Da redação para o quartel
Na esteira do crescimento dos departamentos de comunicação social das Forças Armadas, ou até mesmo diretamente relacionado à maior divulgação de notícias e dados institucionais, considerável contingente de profissionais do ramo engaja nos quartéis.
É o caso do hoje tenente Alessandro Silva, integrante do quadro de oficiais temporários da Força Aérea Brasileira (FAB). Jornalista formado pela Unesp/Bauru, em 1998, atuou por cinco anos nas redações de jornais, entre eles o extinto Diário de Bauru e Folha de S.Paulo.
Ele diz que a relação com o militarismo, especialmente com a Força Aérea, teve início ainda na infância, em Rio Claro, cidade onde cresceu e palco de treinamentos de oficiais do ar da base de Pirassununga. Visitas de aviões e pilotos da Esquadrilha da Fumaça eram frequentes, recorda.
Contudo, o sonho de se tornar piloto militar não decolou para Alessandro que, devido a uma ,miopia, ficou impedido de ingressar na Escola Preparatória de Cadetes do Ar. Daí, a saída para continuar lado a lado com o ambiente de quartel foi o Jornalismo, profissão na qual pode cobrir as áreas policial e militar.
“O jornalismo permite que a gente se aproxime de diferentes áreas, mesmo sem estarmos diretamente ligados a elas”, observa ele, que, até então, desconhecia a oportunidade de ingressar na FAB (onde está há 9 anos) justamente, através do diploma universitário. “Usei esse meio para reencontrar o que queria”, comemora.
Entre as diversas missões como jornalista oficial da FAB, ele foi um dos poucos comunicadores a estar no front do conflito do Líbano, em 2006, abastecendo a mídia mundial na posição de único brasileiro frente a frente com a guerra no Oriente Médio.
“O Brasil preparou um plano de evacuação para os brasileiros que estavam na região. Embarquei no primeiro voo para trazê-los, na condição de correspondente de guerra”, recorda. Bolívia, Haiti e trabalhos nas fronteiras também estão na bagagem do jornalista militar.

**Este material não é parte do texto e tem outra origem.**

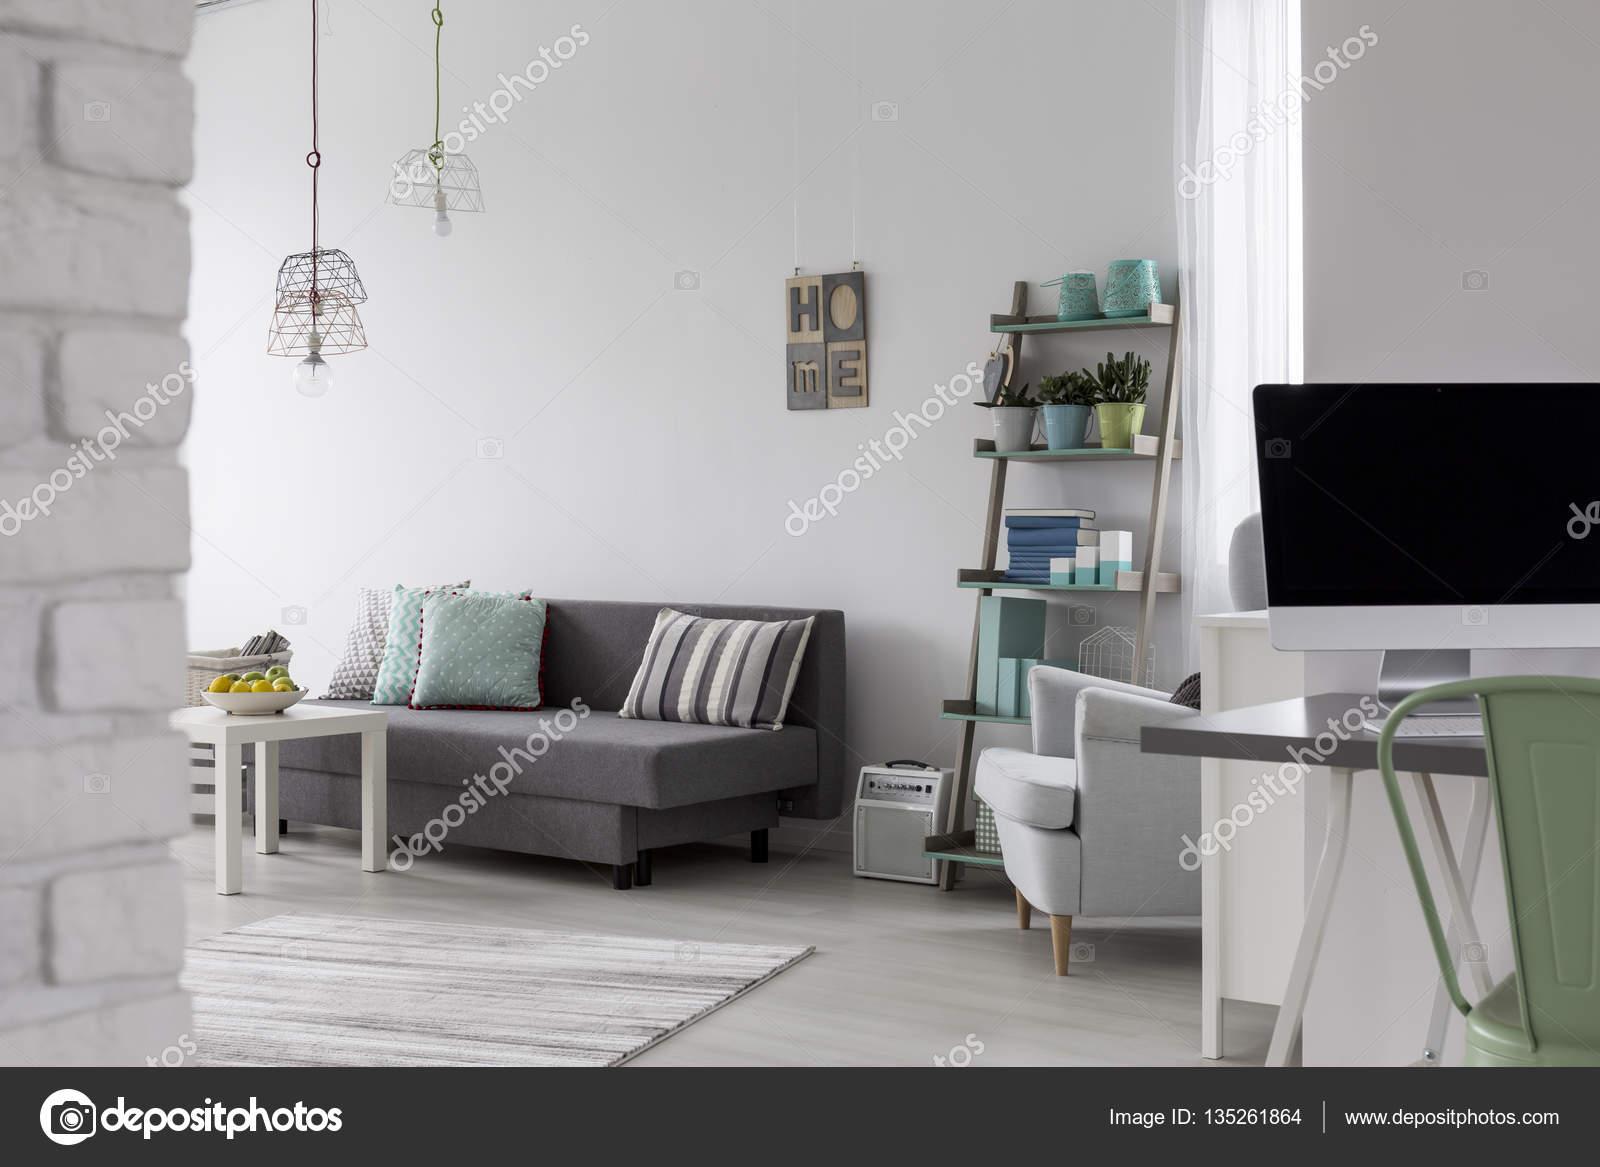 Lounge Stoel Woonkamer : Hippe woonkamer stoel kunststof stoelen voor buiten great

Outra importante cobertura de Alessandro a serviço das Forças Armadas foi sobre os trabalhos de resgate aos corpos das vítimas do acidente com o avião da Gol, em 2007, na Serra do Cachimbo (MT), ocasião em que morreram mais de 130 pessoas, no que é considerado o segundo pior desastre aéreo do País.
“A primeira foto de destroços achados na mata, a bordo de helicóptero, foi feita por mim”, revela. “Foi uma missão muito importante. Infelizmente, muitas pessoas morreram. Ao menos, todas as famílias tiveram o conforto de velar seus parentes”, considera o tenente.

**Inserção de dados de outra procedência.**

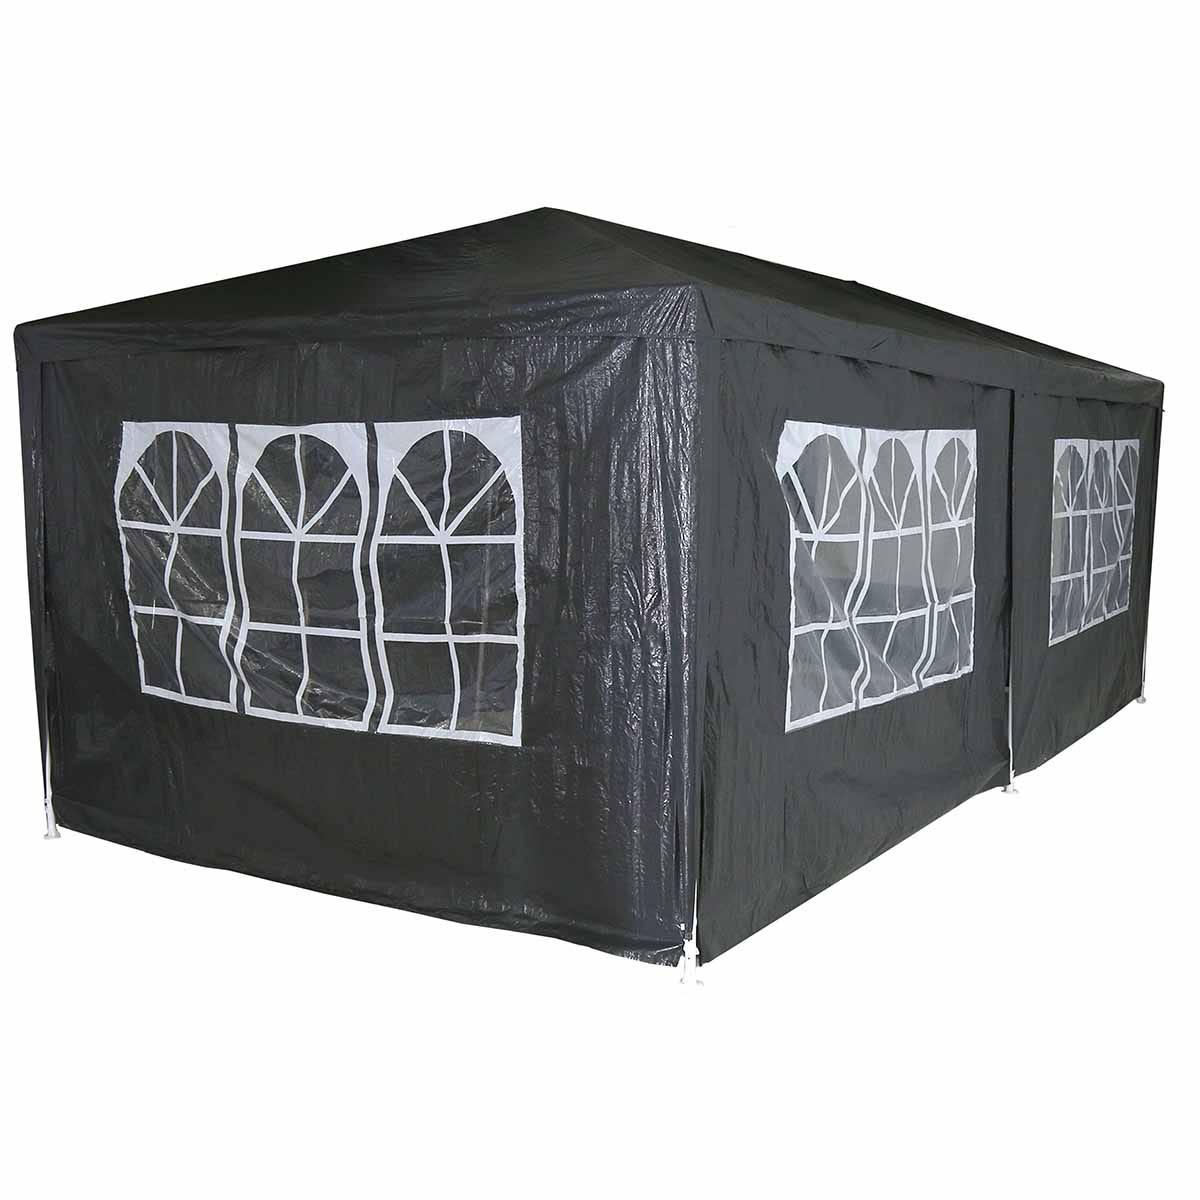 Charles Bentley 3m x 6m Party Tent Gazebo - Dark Grey

Para ele, essa inversão de valores sobre jovens e militarismo se deve não apenas ao bom salário (hoje, um oficial da FAB tem remuneração mensal em torno de R$ 5 mil, além de benefícios) ou estabilidade.

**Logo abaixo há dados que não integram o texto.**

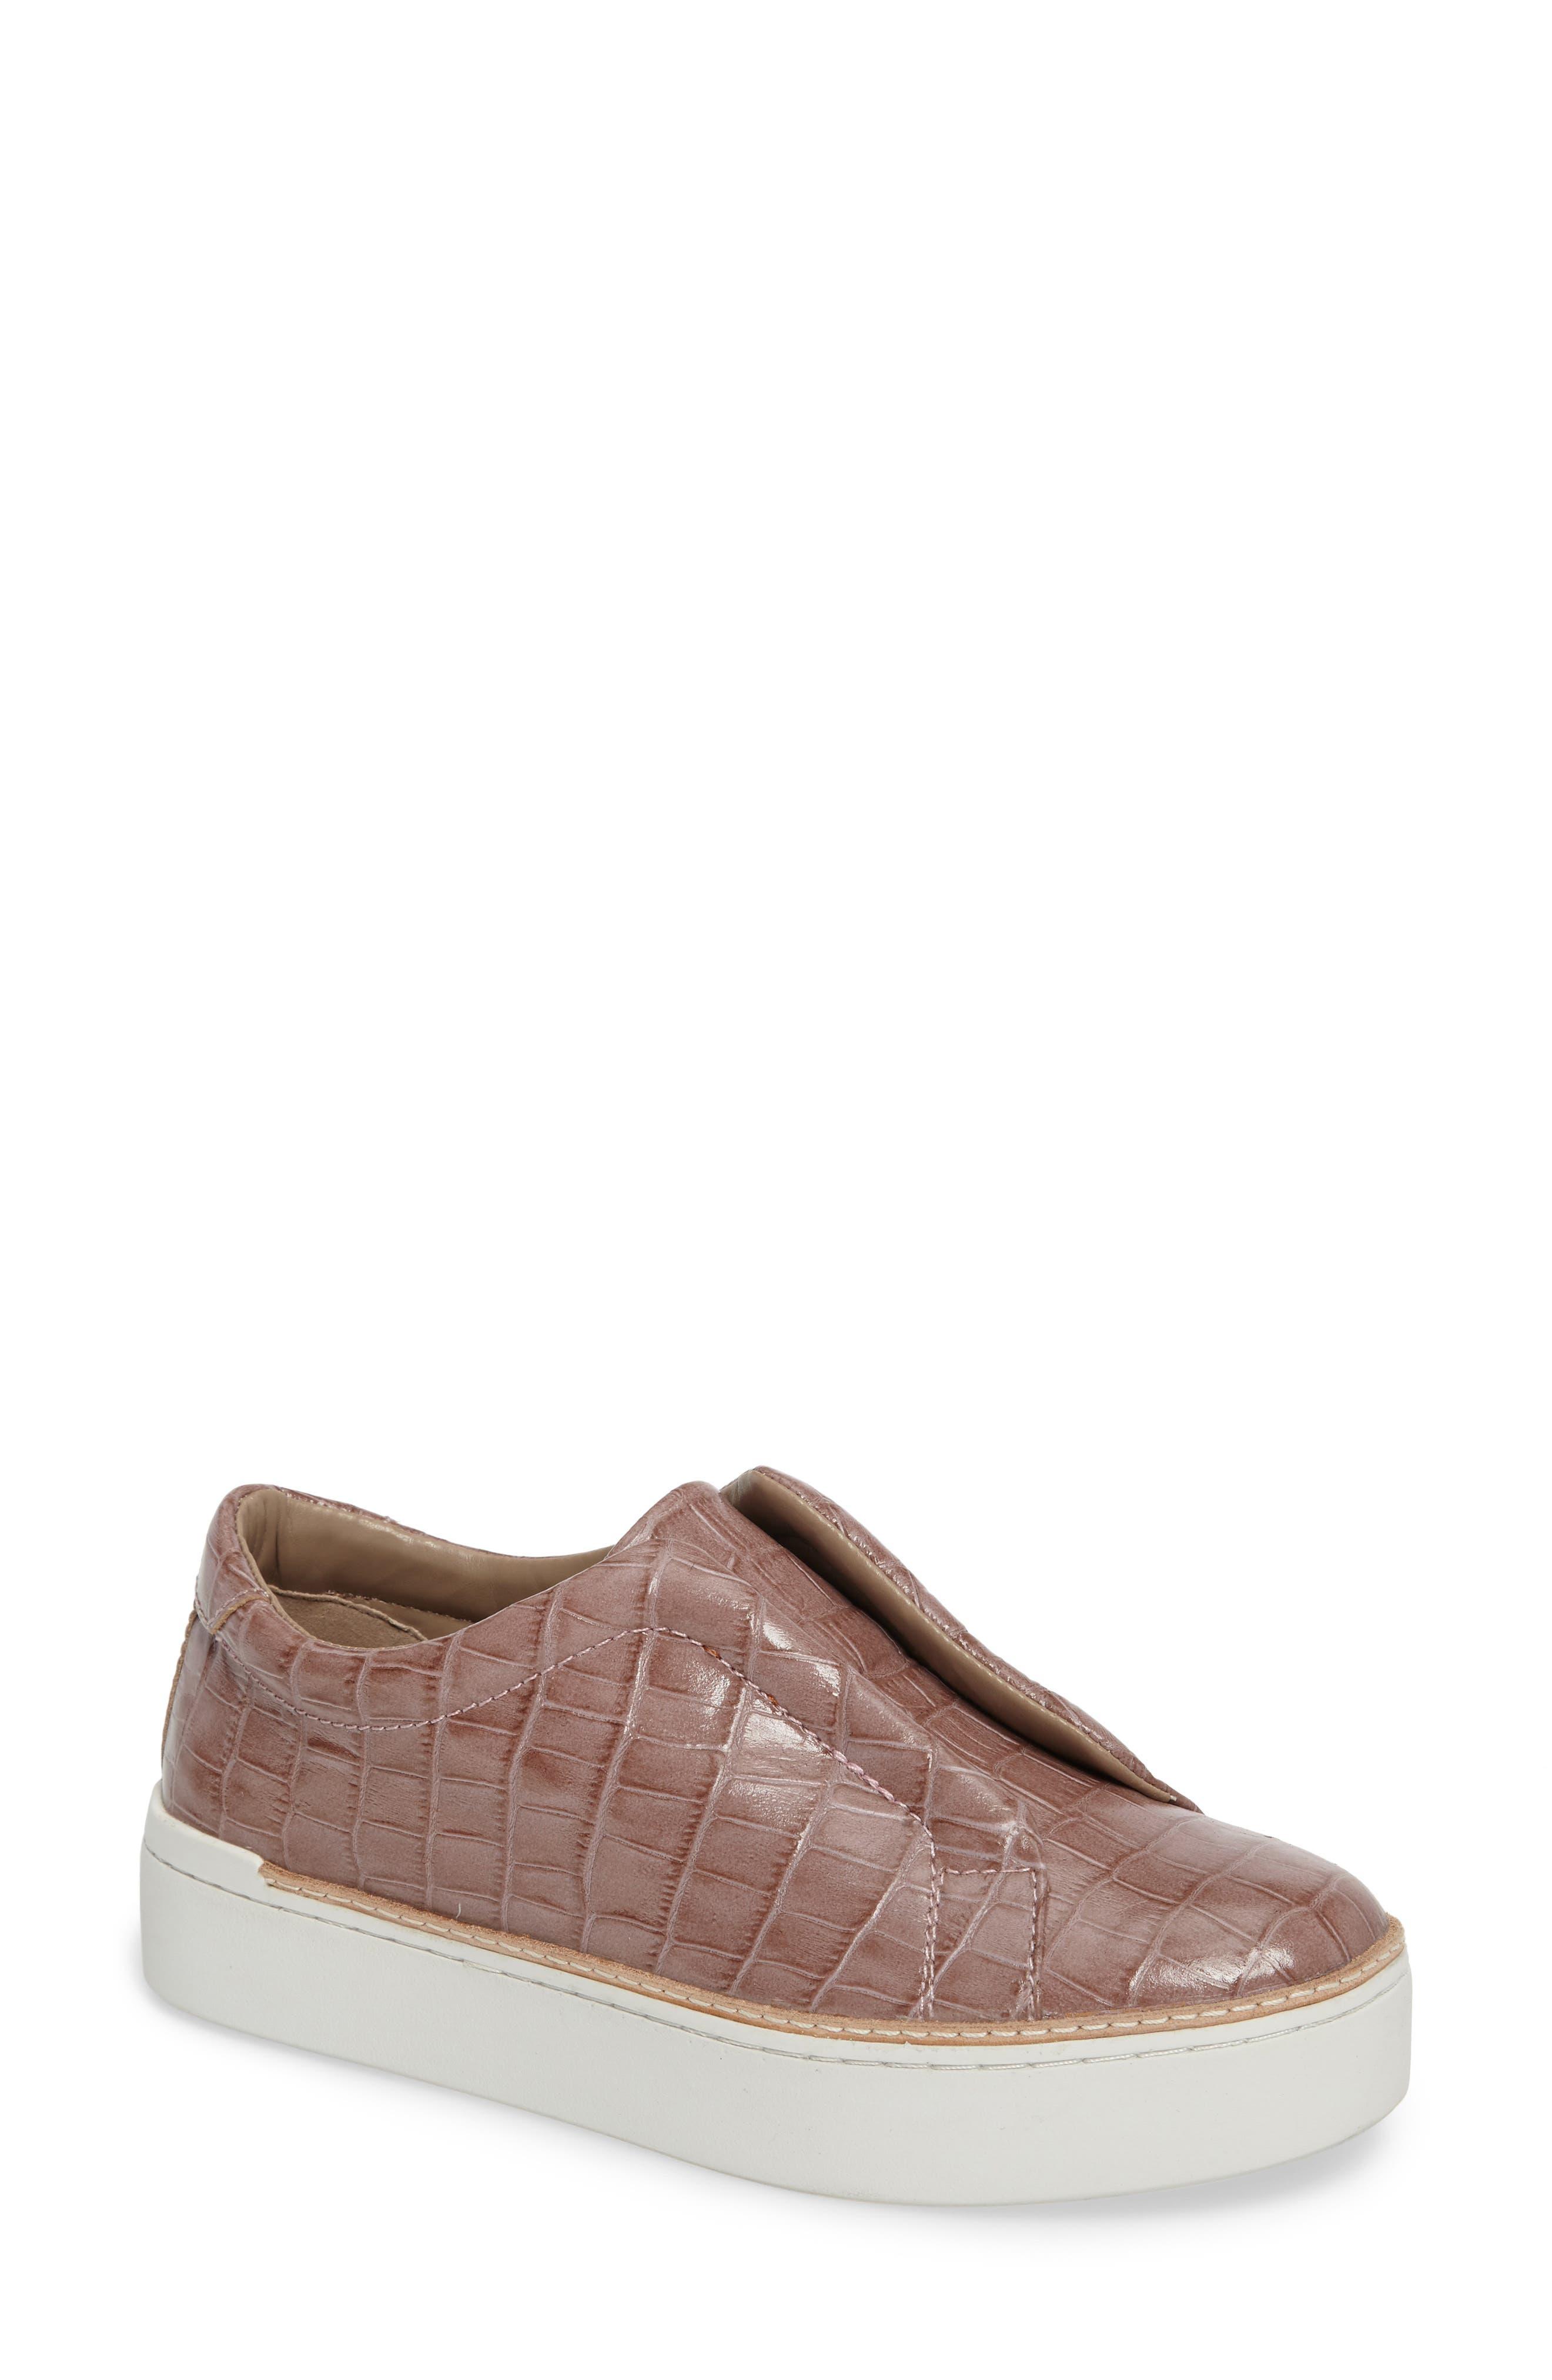 M4D3 Super Slip-On Sneaker- Pink

“Fora o aperfeiçoamento, ganhei muita experiência e conhecimento aqui. Sem contar a satisfação de trabalhar em operações de ajuda humanitária. Isso não tem preço”, orgulha-se o jornalista tenente, que, antes de entrar para a vida militar, havia recebido, ainda nas redações, importantes distinções, entre elas o Prêmio Esso de Jornalismo. “Muita gente da redação estranhou, mas segui naquilo que sonhava”, atribui.